▶ _Records from a data source_:

══════════

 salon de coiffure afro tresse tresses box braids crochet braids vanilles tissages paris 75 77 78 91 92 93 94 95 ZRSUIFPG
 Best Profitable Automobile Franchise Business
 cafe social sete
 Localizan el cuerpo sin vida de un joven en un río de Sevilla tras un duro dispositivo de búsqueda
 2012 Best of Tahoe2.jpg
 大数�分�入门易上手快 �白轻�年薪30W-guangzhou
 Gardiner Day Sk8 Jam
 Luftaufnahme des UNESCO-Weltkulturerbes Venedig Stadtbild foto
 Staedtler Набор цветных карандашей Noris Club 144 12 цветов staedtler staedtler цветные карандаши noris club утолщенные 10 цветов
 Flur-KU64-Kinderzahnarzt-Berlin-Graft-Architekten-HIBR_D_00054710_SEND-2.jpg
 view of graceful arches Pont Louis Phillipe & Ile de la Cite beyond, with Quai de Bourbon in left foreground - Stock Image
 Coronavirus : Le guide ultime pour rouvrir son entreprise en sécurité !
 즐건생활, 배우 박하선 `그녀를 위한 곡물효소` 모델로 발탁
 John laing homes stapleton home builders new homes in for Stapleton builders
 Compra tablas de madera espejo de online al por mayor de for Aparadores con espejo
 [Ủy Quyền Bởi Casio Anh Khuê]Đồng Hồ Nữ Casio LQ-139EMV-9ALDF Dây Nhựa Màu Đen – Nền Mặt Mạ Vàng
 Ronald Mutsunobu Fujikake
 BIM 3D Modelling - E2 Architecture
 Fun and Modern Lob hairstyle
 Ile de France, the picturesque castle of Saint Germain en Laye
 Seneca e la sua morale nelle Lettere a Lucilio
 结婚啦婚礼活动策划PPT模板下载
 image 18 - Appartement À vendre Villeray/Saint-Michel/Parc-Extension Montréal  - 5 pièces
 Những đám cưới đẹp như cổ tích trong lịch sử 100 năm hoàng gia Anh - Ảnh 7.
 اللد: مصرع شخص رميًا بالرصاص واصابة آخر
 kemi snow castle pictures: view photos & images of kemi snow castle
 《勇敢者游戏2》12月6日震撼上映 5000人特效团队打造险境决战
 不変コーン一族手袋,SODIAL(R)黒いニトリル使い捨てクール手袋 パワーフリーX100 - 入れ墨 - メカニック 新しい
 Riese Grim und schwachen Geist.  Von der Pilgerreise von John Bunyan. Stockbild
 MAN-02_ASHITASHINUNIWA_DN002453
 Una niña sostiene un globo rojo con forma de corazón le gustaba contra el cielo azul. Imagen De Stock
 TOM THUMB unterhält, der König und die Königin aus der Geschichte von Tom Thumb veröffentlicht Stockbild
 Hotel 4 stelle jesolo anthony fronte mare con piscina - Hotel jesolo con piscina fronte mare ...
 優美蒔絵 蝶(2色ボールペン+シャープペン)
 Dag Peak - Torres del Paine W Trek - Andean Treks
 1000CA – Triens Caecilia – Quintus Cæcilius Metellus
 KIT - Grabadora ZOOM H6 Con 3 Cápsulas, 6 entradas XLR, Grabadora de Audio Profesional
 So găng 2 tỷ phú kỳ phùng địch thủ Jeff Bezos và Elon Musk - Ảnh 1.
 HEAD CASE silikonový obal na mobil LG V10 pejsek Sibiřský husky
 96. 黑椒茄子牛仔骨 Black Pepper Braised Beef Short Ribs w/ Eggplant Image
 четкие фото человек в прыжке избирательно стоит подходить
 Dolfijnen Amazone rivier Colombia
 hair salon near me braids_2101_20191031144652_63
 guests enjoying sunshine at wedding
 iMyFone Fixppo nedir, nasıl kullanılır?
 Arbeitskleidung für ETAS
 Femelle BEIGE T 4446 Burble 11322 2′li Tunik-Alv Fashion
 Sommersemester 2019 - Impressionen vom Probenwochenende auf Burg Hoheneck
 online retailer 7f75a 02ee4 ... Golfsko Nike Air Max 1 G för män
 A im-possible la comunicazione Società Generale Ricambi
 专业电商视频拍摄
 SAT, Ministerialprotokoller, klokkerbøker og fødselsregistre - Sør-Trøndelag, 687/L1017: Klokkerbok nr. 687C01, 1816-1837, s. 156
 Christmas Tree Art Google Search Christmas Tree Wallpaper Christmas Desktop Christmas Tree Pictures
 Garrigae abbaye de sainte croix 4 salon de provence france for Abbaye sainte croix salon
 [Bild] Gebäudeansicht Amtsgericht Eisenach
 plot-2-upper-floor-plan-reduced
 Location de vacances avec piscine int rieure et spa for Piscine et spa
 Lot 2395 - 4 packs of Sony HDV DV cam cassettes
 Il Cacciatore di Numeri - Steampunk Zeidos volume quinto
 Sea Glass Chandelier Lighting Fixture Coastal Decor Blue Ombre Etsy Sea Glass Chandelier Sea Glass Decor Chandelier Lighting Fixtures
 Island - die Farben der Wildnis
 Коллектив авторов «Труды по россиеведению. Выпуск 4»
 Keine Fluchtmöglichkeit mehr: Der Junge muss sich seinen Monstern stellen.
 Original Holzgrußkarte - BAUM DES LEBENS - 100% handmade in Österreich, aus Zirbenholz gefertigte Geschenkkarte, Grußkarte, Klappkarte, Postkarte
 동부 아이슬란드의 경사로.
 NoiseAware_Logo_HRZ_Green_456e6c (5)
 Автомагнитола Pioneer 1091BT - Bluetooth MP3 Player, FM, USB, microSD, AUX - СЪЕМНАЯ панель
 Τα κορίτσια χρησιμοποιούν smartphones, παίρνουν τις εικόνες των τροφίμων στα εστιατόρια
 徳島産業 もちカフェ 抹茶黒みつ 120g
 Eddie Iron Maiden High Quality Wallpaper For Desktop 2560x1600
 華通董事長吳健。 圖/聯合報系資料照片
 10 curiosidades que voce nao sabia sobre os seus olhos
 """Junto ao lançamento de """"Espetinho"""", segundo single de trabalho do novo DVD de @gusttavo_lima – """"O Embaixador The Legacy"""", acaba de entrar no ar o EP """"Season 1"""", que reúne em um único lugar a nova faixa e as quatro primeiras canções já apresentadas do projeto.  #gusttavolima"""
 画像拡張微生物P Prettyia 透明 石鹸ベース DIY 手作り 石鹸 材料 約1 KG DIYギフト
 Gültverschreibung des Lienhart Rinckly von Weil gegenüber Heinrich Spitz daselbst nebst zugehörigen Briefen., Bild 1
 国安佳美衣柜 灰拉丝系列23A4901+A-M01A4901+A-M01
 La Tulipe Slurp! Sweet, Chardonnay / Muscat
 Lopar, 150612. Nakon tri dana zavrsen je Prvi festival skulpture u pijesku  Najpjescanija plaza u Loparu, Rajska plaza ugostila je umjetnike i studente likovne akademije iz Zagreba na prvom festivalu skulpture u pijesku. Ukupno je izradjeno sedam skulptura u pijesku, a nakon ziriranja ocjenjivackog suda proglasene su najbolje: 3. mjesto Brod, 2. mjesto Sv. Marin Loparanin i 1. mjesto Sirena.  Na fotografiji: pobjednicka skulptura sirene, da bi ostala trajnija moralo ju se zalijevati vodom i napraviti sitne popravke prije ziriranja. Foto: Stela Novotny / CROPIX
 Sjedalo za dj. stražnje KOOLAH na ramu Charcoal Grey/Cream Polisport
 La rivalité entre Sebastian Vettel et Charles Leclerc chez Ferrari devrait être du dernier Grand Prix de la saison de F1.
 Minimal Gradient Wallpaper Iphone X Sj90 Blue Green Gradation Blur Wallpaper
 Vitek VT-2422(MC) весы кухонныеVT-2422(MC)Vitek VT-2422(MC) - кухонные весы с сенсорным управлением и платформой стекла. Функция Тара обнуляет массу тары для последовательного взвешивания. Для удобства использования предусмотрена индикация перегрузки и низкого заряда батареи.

══════════

▶ _What to do_:
The answer is the run of lines above from the line containing "Riese Grim und" through the line containing "Keine Fluchtmöglichkeit mehr: Der", copied exactly and alone.

▶ _Task answer_:
 Riese Grim und schwachen Geist.  Von der Pilgerreise von John Bunyan. Stockbild
 MAN-02_ASHITASHINUNIWA_DN002453
 Una niña sostiene un globo rojo con forma de corazón le gustaba contra el cielo azul. Imagen De Stock
 TOM THUMB unterhält, der König und die Königin aus der Geschichte von Tom Thumb veröffentlicht Stockbild
 Hotel 4 stelle jesolo anthony fronte mare con piscina - Hotel jesolo con piscina fronte mare ...
 優美蒔絵 蝶(2色ボールペン+シャープペン)
 Dag Peak - Torres del Paine W Trek - Andean Treks
 1000CA – Triens Caecilia – Quintus Cæcilius Metellus
 KIT - Grabadora ZOOM H6 Con 3 Cápsulas, 6 entradas XLR, Grabadora de Audio Profesional
 So găng 2 tỷ phú kỳ phùng địch thủ Jeff Bezos và Elon Musk - Ảnh 1.
 HEAD CASE silikonový obal na mobil LG V10 pejsek Sibiřský husky
 96. 黑椒茄子牛仔骨 Black Pepper Braised Beef Short Ribs w/ Eggplant Image
 четкие фото человек в прыжке избирательно стоит подходить
 Dolfijnen Amazone rivier Colombia
 hair salon near me braids_2101_20191031144652_63
 guests enjoying sunshine at wedding
 iMyFone Fixppo nedir, nasıl kullanılır?
 Arbeitskleidung für ETAS
 Femelle BEIGE T 4446 Burble 11322 2′li Tunik-Alv Fashion
 Sommersemester 2019 - Impressionen vom Probenwochenende auf Burg Hoheneck
 online retailer 7f75a 02ee4 ... Golfsko Nike Air Max 1 G för män
 A im-possible la comunicazione Società Generale Ricambi
 专业电商视频拍摄
 SAT, Ministerialprotokoller, klokkerbøker og fødselsregistre - Sør-Trøndelag, 687/L1017: Klokkerbok nr. 687C01, 1816-1837, s. 156
 Christmas Tree Art Google Search Christmas Tree Wallpaper Christmas Desktop Christmas Tree Pictures
 Garrigae abbaye de sainte croix 4 salon de provence france for Abbaye sainte croix salon
 [Bild] Gebäudeansicht Amtsgericht Eisenach
 plot-2-upper-floor-plan-reduced
 Location de vacances avec piscine int rieure et spa for Piscine et spa
 Lot 2395 - 4 packs of Sony HDV DV cam cassettes
 Il Cacciatore di Numeri - Steampunk Zeidos volume quinto
 Sea Glass Chandelier Lighting Fixture Coastal Decor Blue Ombre Etsy Sea Glass Chandelier Sea Glass Decor Chandelier Lighting Fixtures
 Island - die Farben der Wildnis
 Коллектив авторов «Труды по россиеведению. Выпуск 4»
 Keine Fluchtmöglichkeit mehr: Der Junge muss sich seinen Monstern stellen.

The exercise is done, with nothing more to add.